Comment by ApolloFortyNine
1 year ago
If Zuck's obsession with VR isn't curiosity driven research than nothing is.
10 billion yearly losses for something that by all accounts isn't close to magically becoming profitable. It honestly just seems like something he thinks is cool and therefore dumps money in.
It's an example of Zuck's curiosity. When I refer to curiosity-driven research, I mean curiosity driven by the researchers, where the researchers themselves drive the research agenda, not management.
To be fair, though; Facebook, I mean, Meta is a publicly-traded company and if the shareholders get tired of not seeing any ROI from Meta's VR initiatives, then this could compel Zuck to stop.
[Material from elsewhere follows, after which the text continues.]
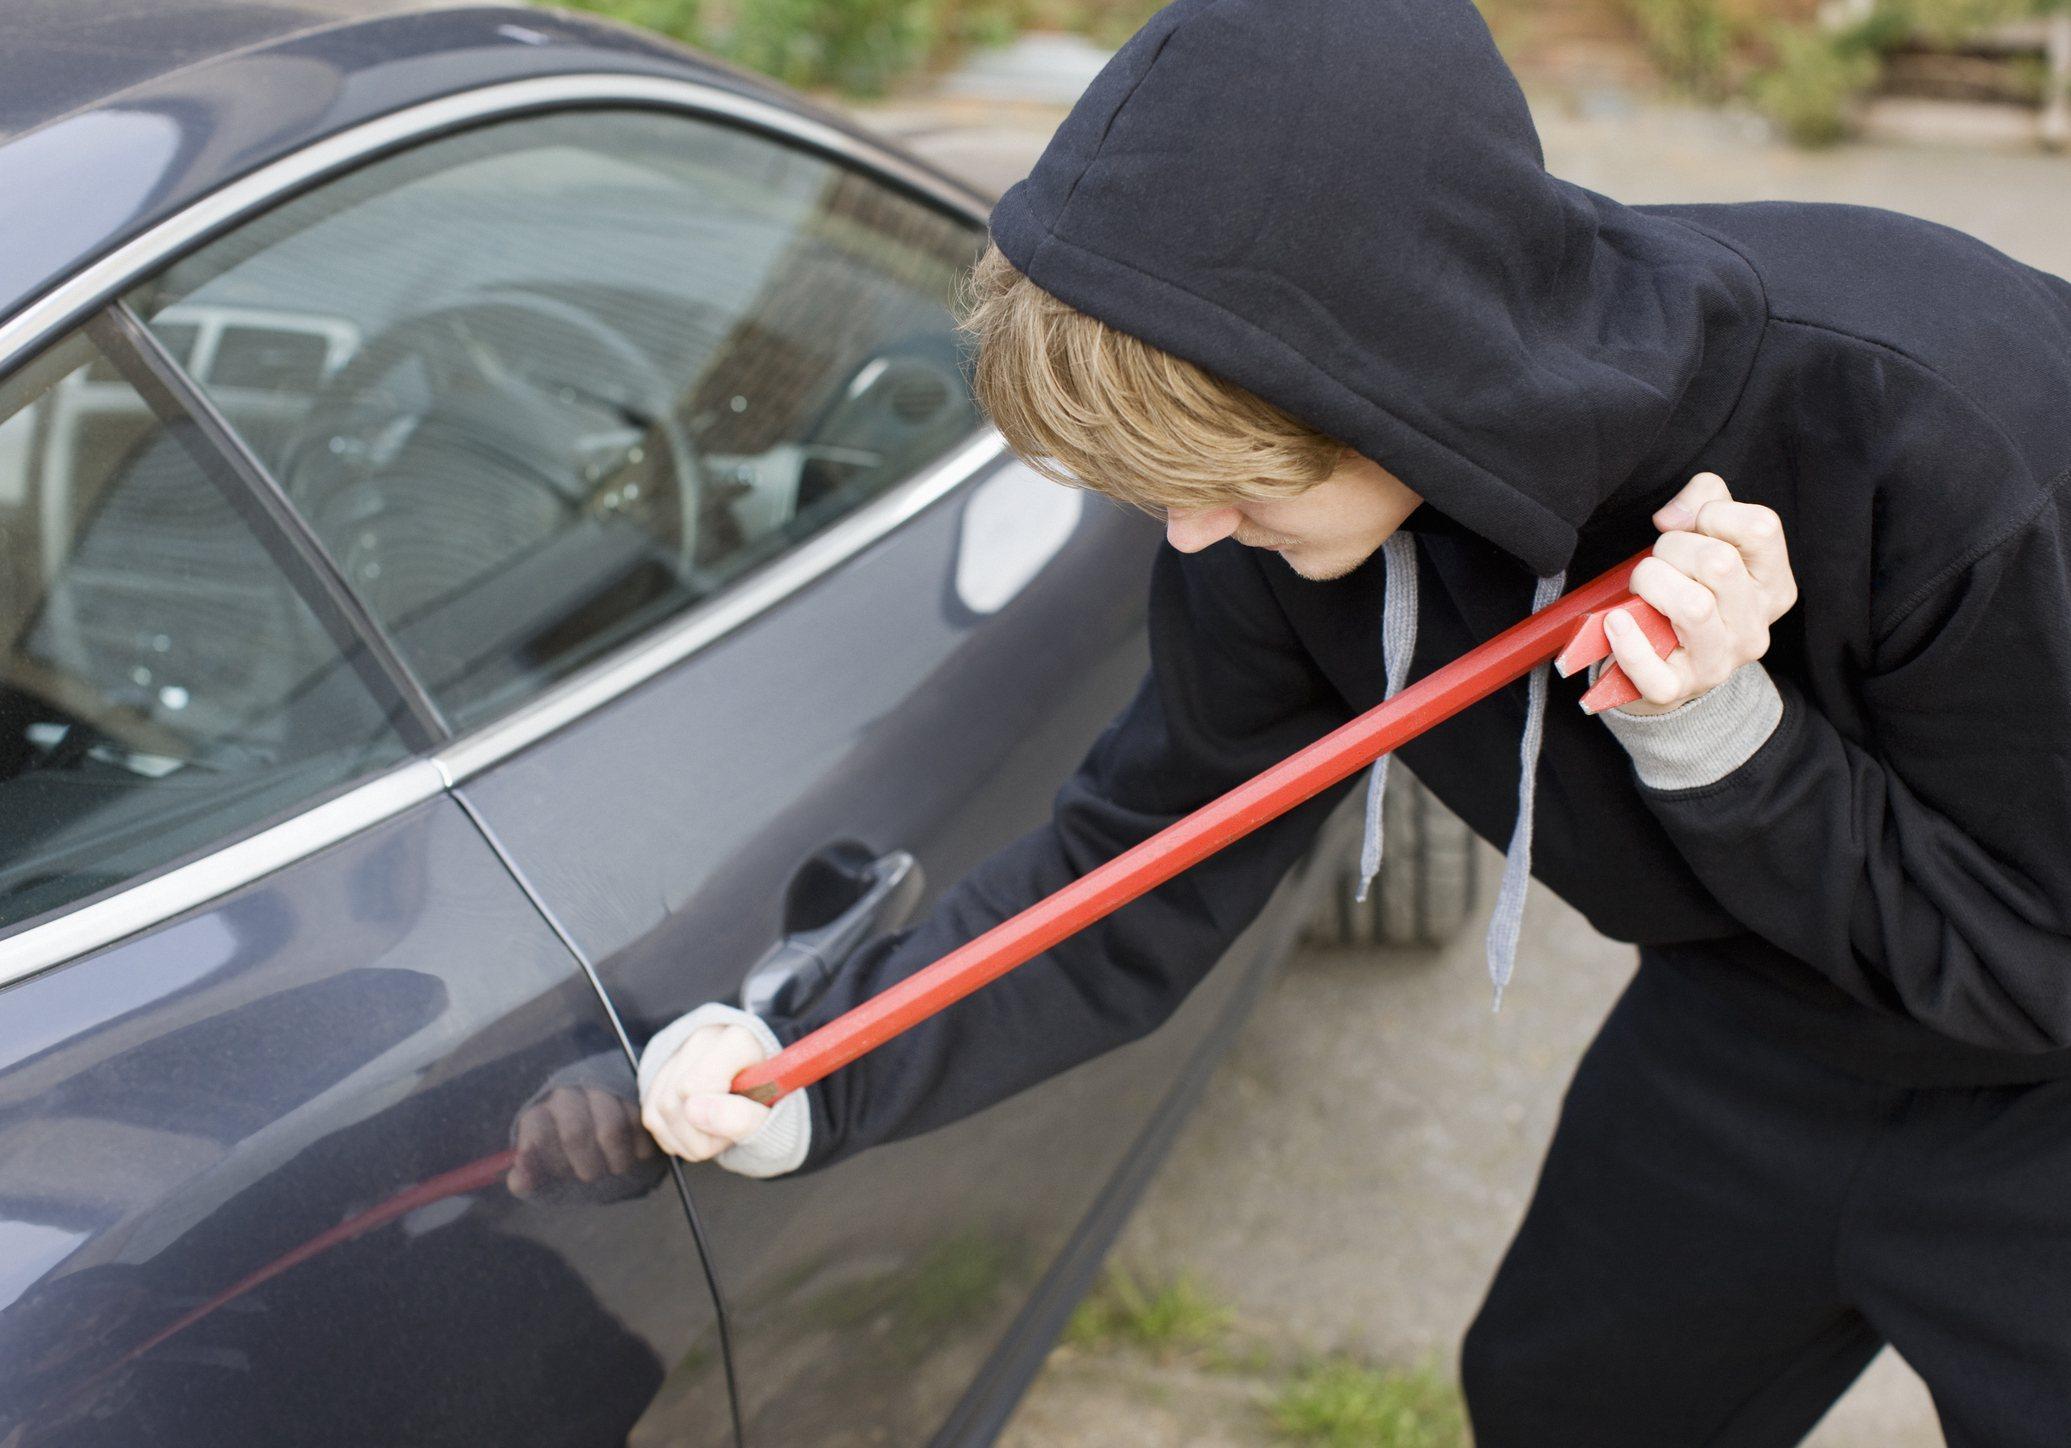 Man in hoodie breaking into car

Even Zuck isn't free from business pressures if the funding is coming from Meta and not out of Zuck's personal funds.
Back to Bell Labs and Xerox PARC, my understanding of how they worked is that while management did set the overall direction, researchers were given very wide latitude when pursuing this direction with little to no pressure to deliver immediate results and to show that their research would lead to profits. Indeed, at one point AT&T was forbidden by the federal government from entering businesses outside of their phone business, and in the case of Xerox PARC, Robert Taylor was able to negotiate a deal with Xerox executives where Xerox's executives wouldn't meddle in the affairs of PARC for the first five years. (Once those five years ended, the meddling began, culminating with Bob Taylor's famous exit in 1983.)
As far as I know, Mr. Zuckerberg still owns a controlling interest in Meta Platforms.
Since he has 57% of the votes, he can tell everyone to pound sand.
That's right. Research needs to be bottom-up.
Managers heard that too but dramatically misunderstood what that phrase means.
I mean at some point. You either have to find someone rich who has the same curiosity as you and wants to fund it, or fund it yourself.
Is patronage a thing that even really happens anymore?
I bet (litteraly, founded an xr game development company in february) xr/vr games will indeed became a mainstream gaming platform in the next 5 years, maybe even next year. If or when it become the case it may totally become as present as smartphone and replace a lot of monitors, especially if they succeed to reduce them as smartglasses like their totally are progressing to.
if it become the case, meta get 30% of the revenues associated with it.
If it does not, i'm pretty sure they can now make good smartphones and even have a dedicated os. I'm pretty sure they can find a way to make money with it.
A meta quest 3s in inself is an insane experience for 330€ and it's current main disadvantages for gaming are the lack of players and the catalogue size. Even using it as a main monitor with a bluetooth keyboard is "possible". I would have find it 'improbable' a few years ago even as an enthousiasth, i now could totally imagine a headset replacing my screen in a few years with a few improvements on.
What about Musk and push to reach Mars? While I haven't liked Musk from long ago, SpaceX has given some steely eyed rocket men/women a pretty successful playground.